Синчин покосился на него, щелкнул наконец зажигалкой, направил длинную струю дыма за приспущенное боковое стекло и только потом ответил:
– Нет, конечно. Видите ли, полиция в своей работе руководствуется усеченным принципом Оккама. Слыхали о таком?
– Да нет же, – с легкой досадой сказал Келли. – У меня другая специализация.
– Наш великий философ советовал не умножать количество сущностей без необходимости, – пояснил Синчин. – То есть, если у вас в толпе, в давке, пропал из кармана бумажник, не стоит выдвигать версию о том, что его стащили невидимки-марсиане. Другое дело, если бумажник пропал с вашего стола, когда вы находились в комнате в одиночестве, при запертых дверях и закрытых окнах. Тогда, возможно, это именно воздействие марсиан. И добавить новую сущность, а именно: марсиан – стоит. То есть предположить, что бумажник утянули марсиане. Но полиция применяет усеченный принцип, или бритву Оккама: не умножает количество сущностей – и точка. Она вообще не будет выдвигать версию о марсианах и объяснит исчезновение бумажника тем, что его у вас просто не было.
– Вряд ли бумажник ни с того ни с сего исчезнет со стола, – заявил слегка сбитый с толку всеми этими «бритвами» Келли.

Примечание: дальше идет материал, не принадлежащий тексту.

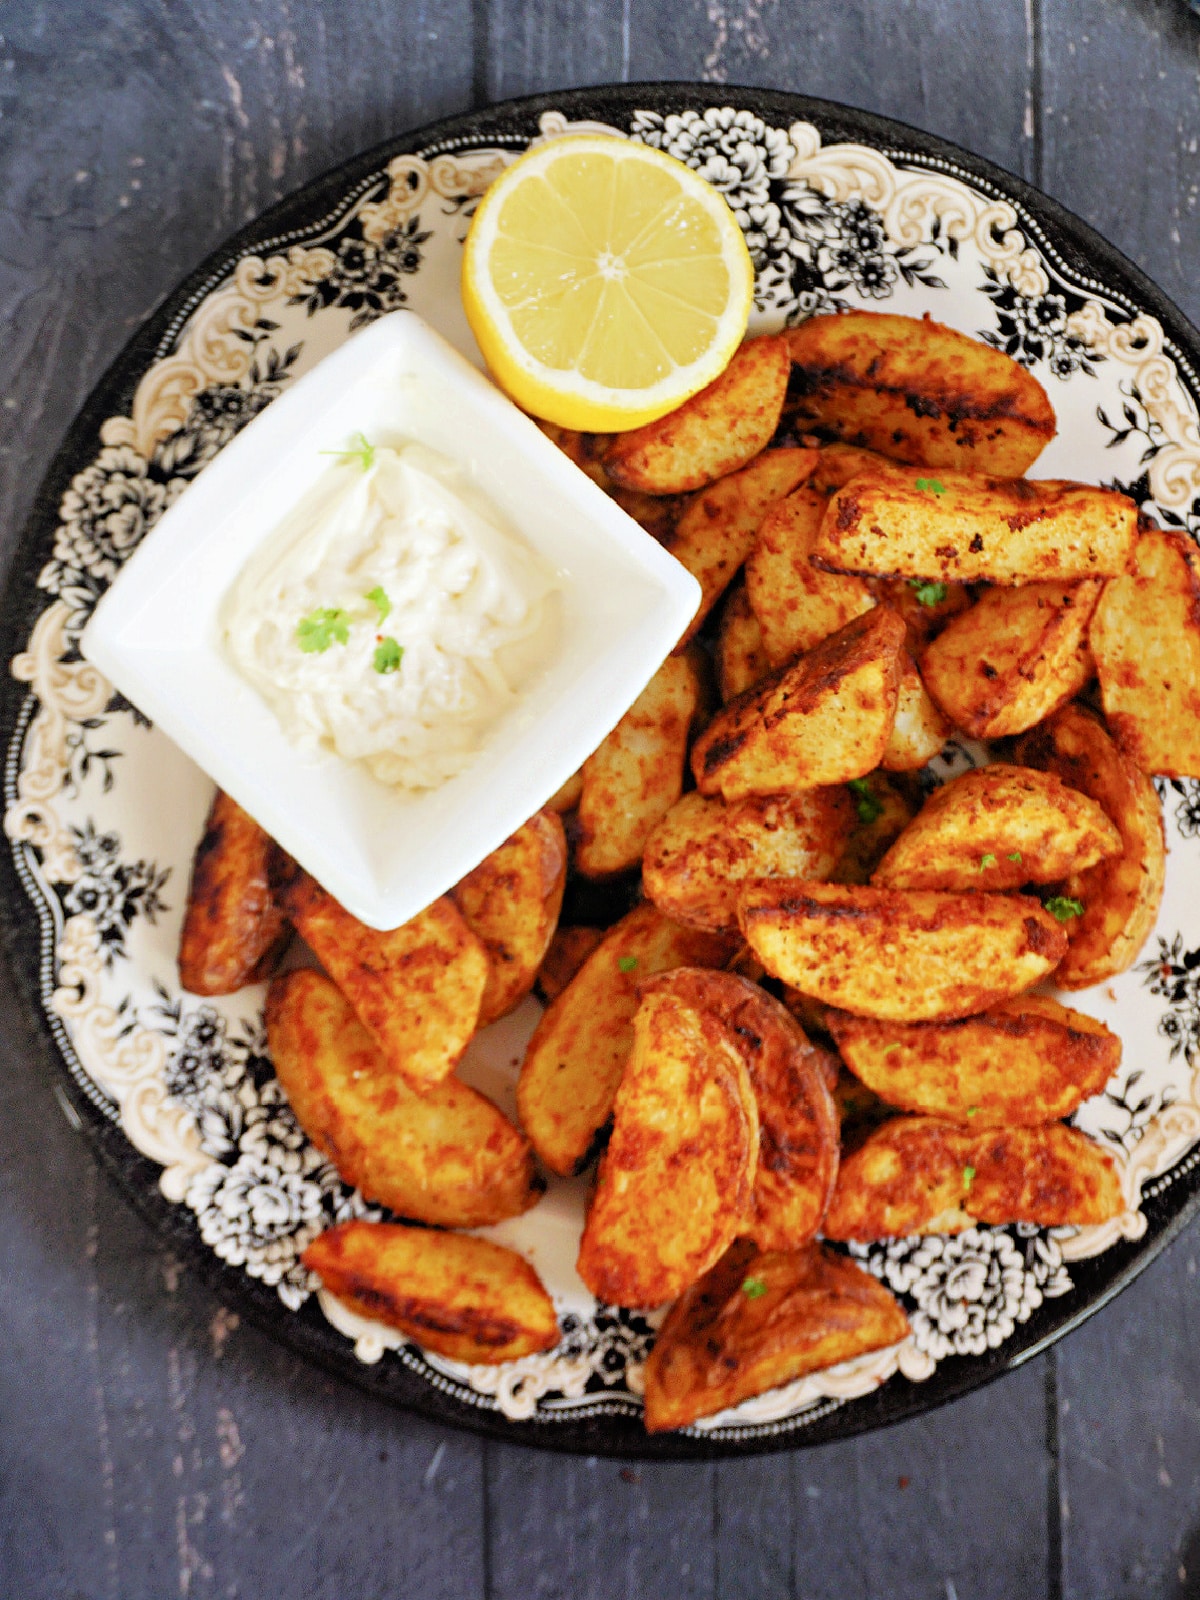 A plate with paprika potato wedges, half a lemon and a white small bowl with mayo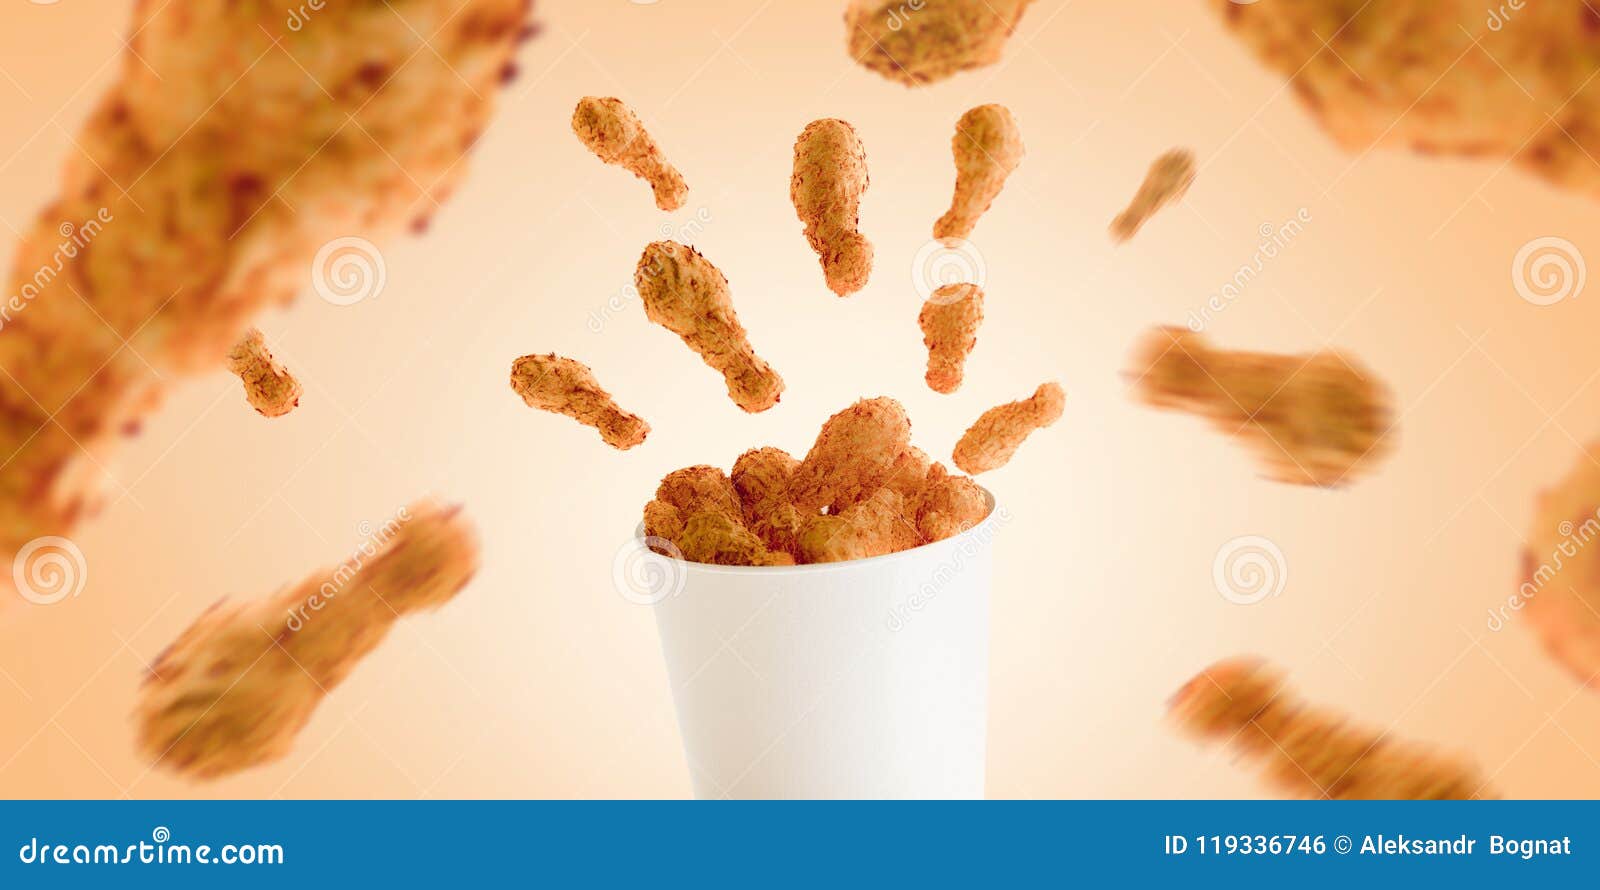 Download Blank Food Bucket With Chicken Wings Mock Up Stock Photo - Image of overweight, fried: 119336746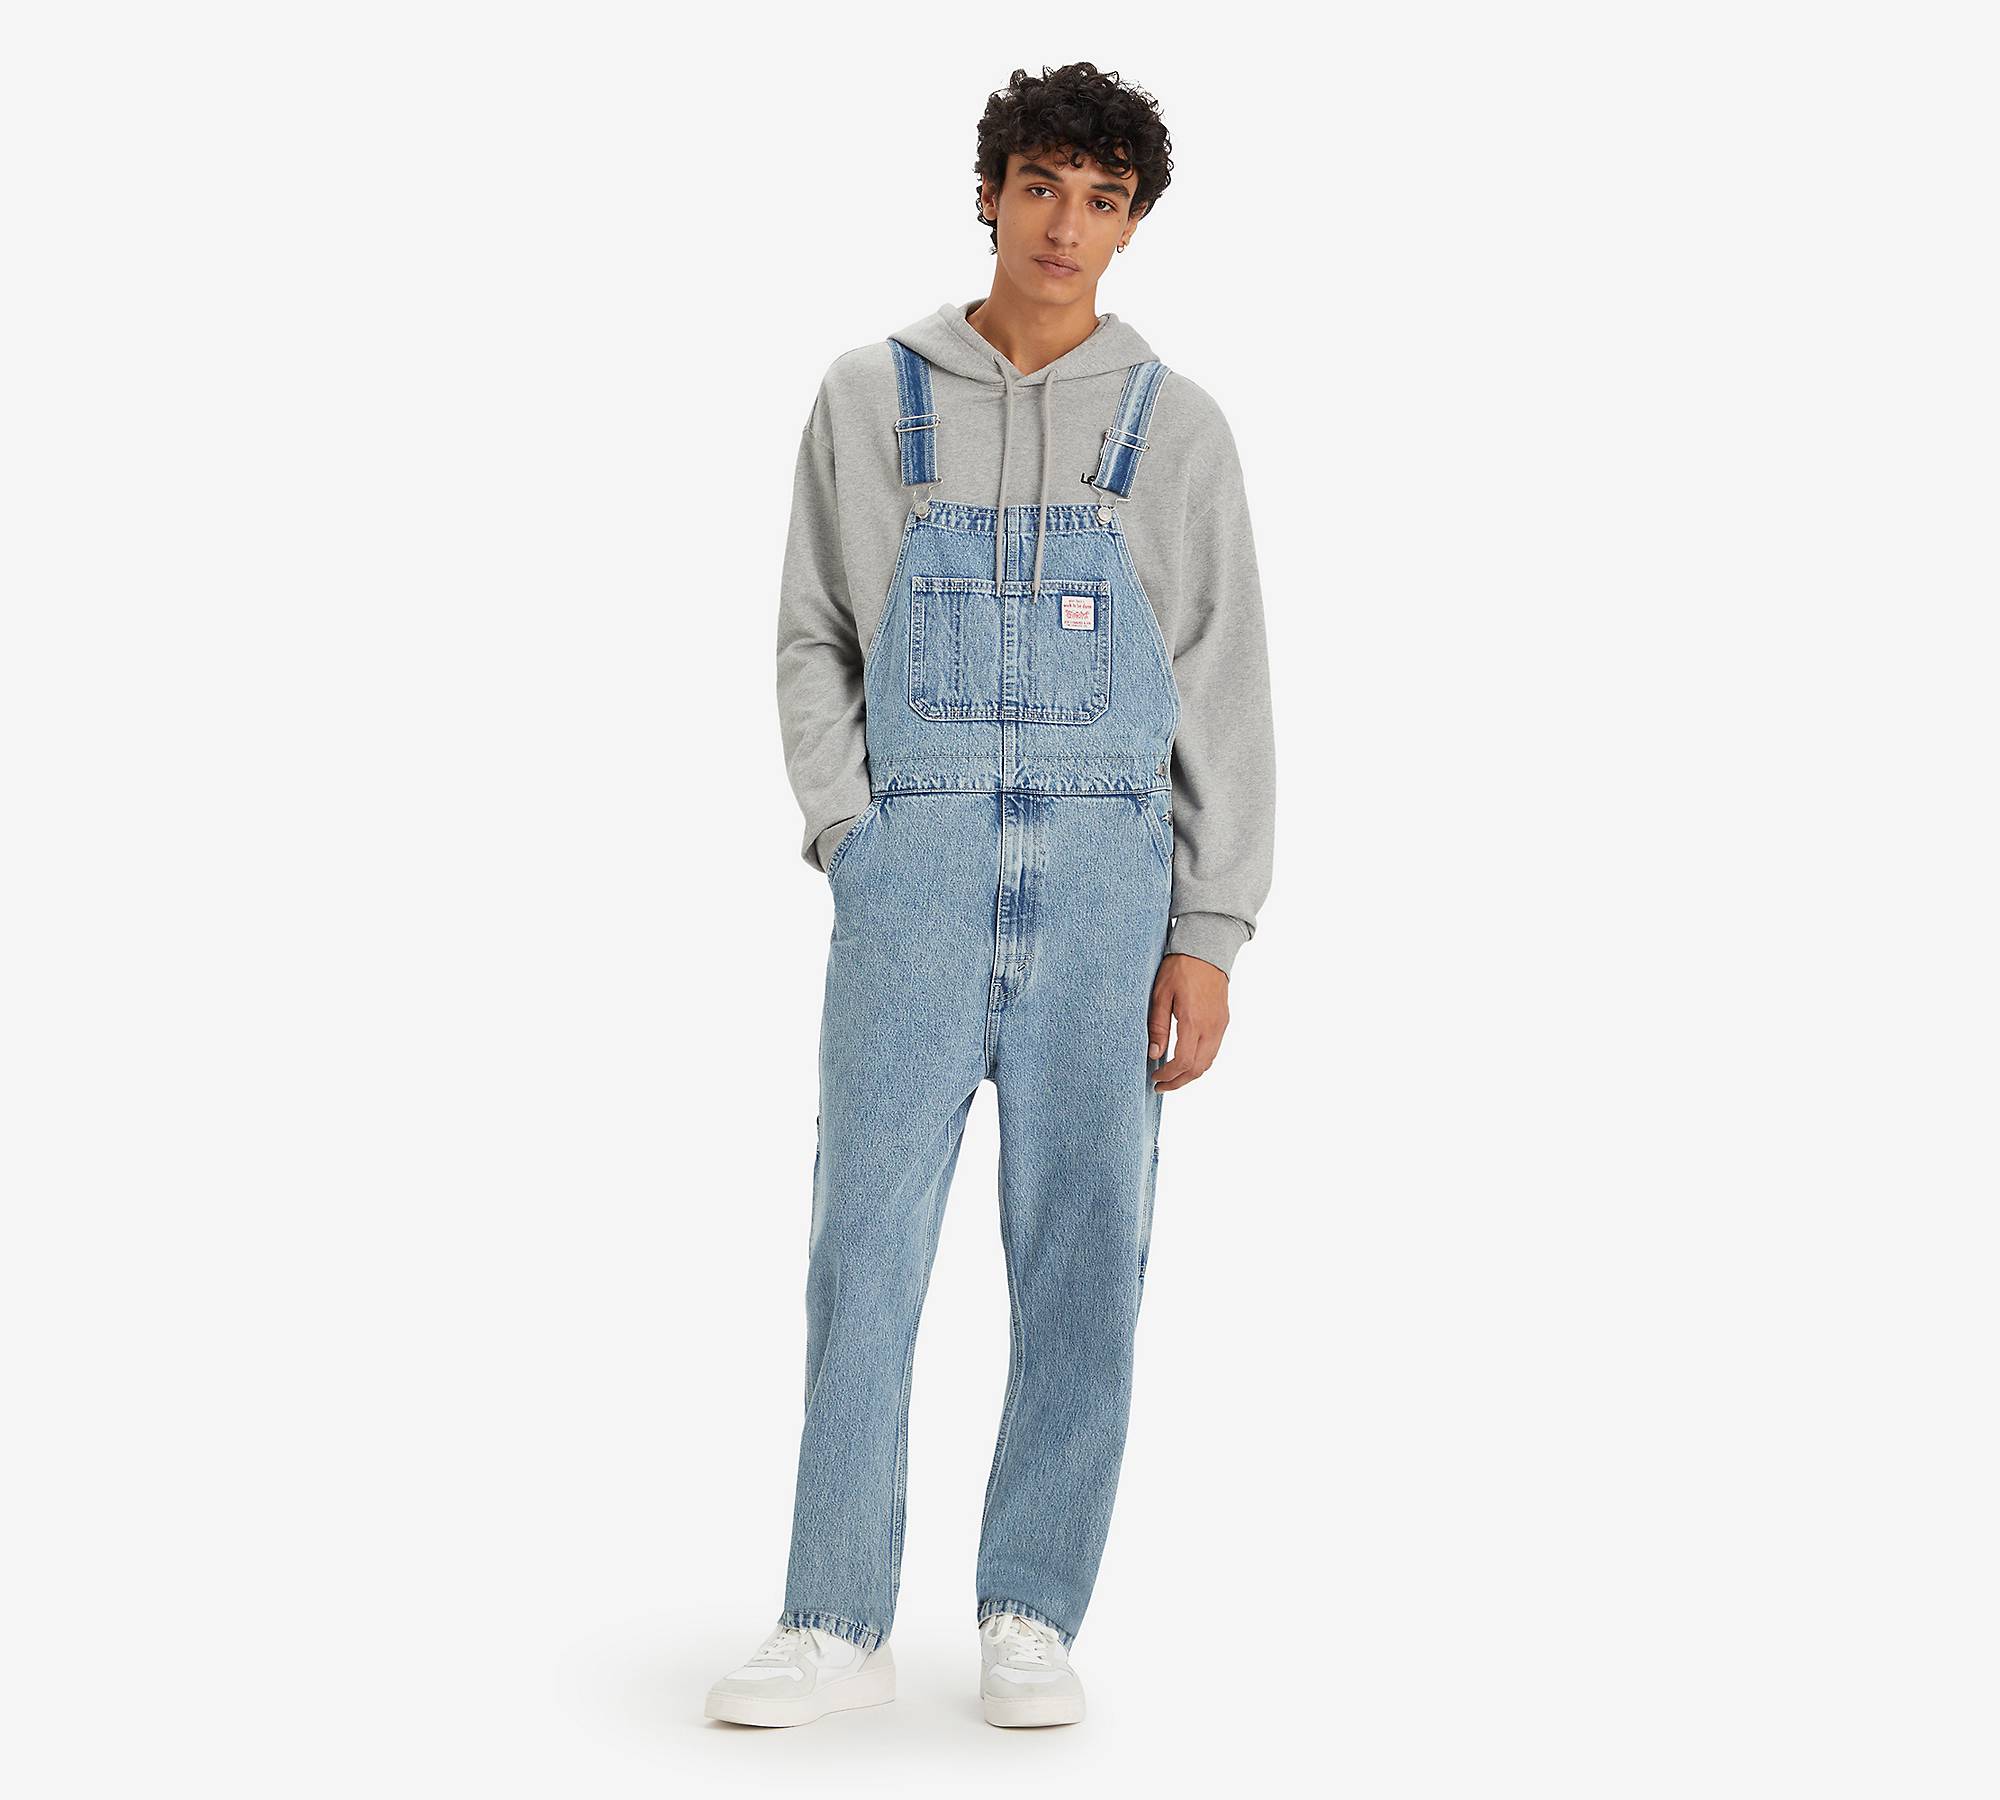 Red Tab™ Men's Overalls 1

– Не скажите, – возразил Синчин.
– Значит, другое измерение… – пробормотал Келли. – Она перенеслась сюда откуда-нибудь из Австралии. – Он взглянул на Синчина. – Так?
– Или из Южно-Африканского Союза, – ответил тот.
– Все это чертовски интересно… Сразу видно журналиста, охотника за сенсациями. Только, по-моему, никакого отношения к другим измерениям эта история не имеет.
– Как знать…
– И правильно, что полиция марсиан сразу отсекает, иначе все можно было бы на них списывать.
– Как знать, – повторил Синчин. – Впрочем, никаких предположений я в своем материале излагать не собираюсь. Чисто информационная заметка. Дэн Келли из Уолсолла обнаружил в знаменитом Стоунхендже неизвестную женщину без сознания и доставил в больницу. Точка. Может, вы и правы, Дэн, и завтра действительно все выяснится. Если у нее с памятью все в порядке.
– Я телефон больницы записал, дайте мне еще и свой, – попросил Келли. – Интересно же…
– Конечно, Дэн. – Синчин достал из бокового кармашка сумки визитную карточку. – Звоните. Лучше вечером, после девяти, на домашний. Днем я то здесь, то там, тем более лето – чего на месте-то париться?
– А вот моя, на всякий случай. – Келли вручил журналисту свою визитку. – Может, вы любитель дамского белья. В смысле, ценитель, – тут же поправился он.
– О, еще какой ценитель! – воодушевленно произнес Марк Синчин. – Особенно ценю, когда оно на даме полностью отсутствует. Еще сигарету, Дэн?
4
Дэн Келли позвонил в больницу на следующий день после того как вернулся домой, в Уолсолл. Потом звонил в среду. Потом – в четверг. В пятницу ему сообщили, что пострадавшая наконец пришла в сознание, но навещать ее пока нельзя.
В субботу Келли вместе с женой ездил в Бирмингем, на свадьбу племянницы, и отдал должное доброму скотчу. Поэтому в воскресенье маялся головной болью, хотя и испробовал с утра старое, еще имперских времен, средство от похмелья – «собачью шерсть», то бишь стакан холодного эля. Жене он о происшествии в Стоунхендже ничего не говорил – мало ли что она могла себе вообразить…
14 июля, в понедельник, его опять вежливо, но твердо отшили, и Келли вечером позвонил Марку Синчину, в надежде, что пронырливый журналист оказался более удачливым. Ни в девять, ни в десять трубку в доме Синчина никто не брал, и только с третьей попытки, уже в половине одиннадцатого, Келли наконец-то услышал голос репортера «Кроникл».
Оказалось, что Синчин действительно, как и подобает репортеру, располагает такой информацией, какой не располагал Келли. Но информацию эту нельзя было назвать ни обнадеживающей, ни утешительной.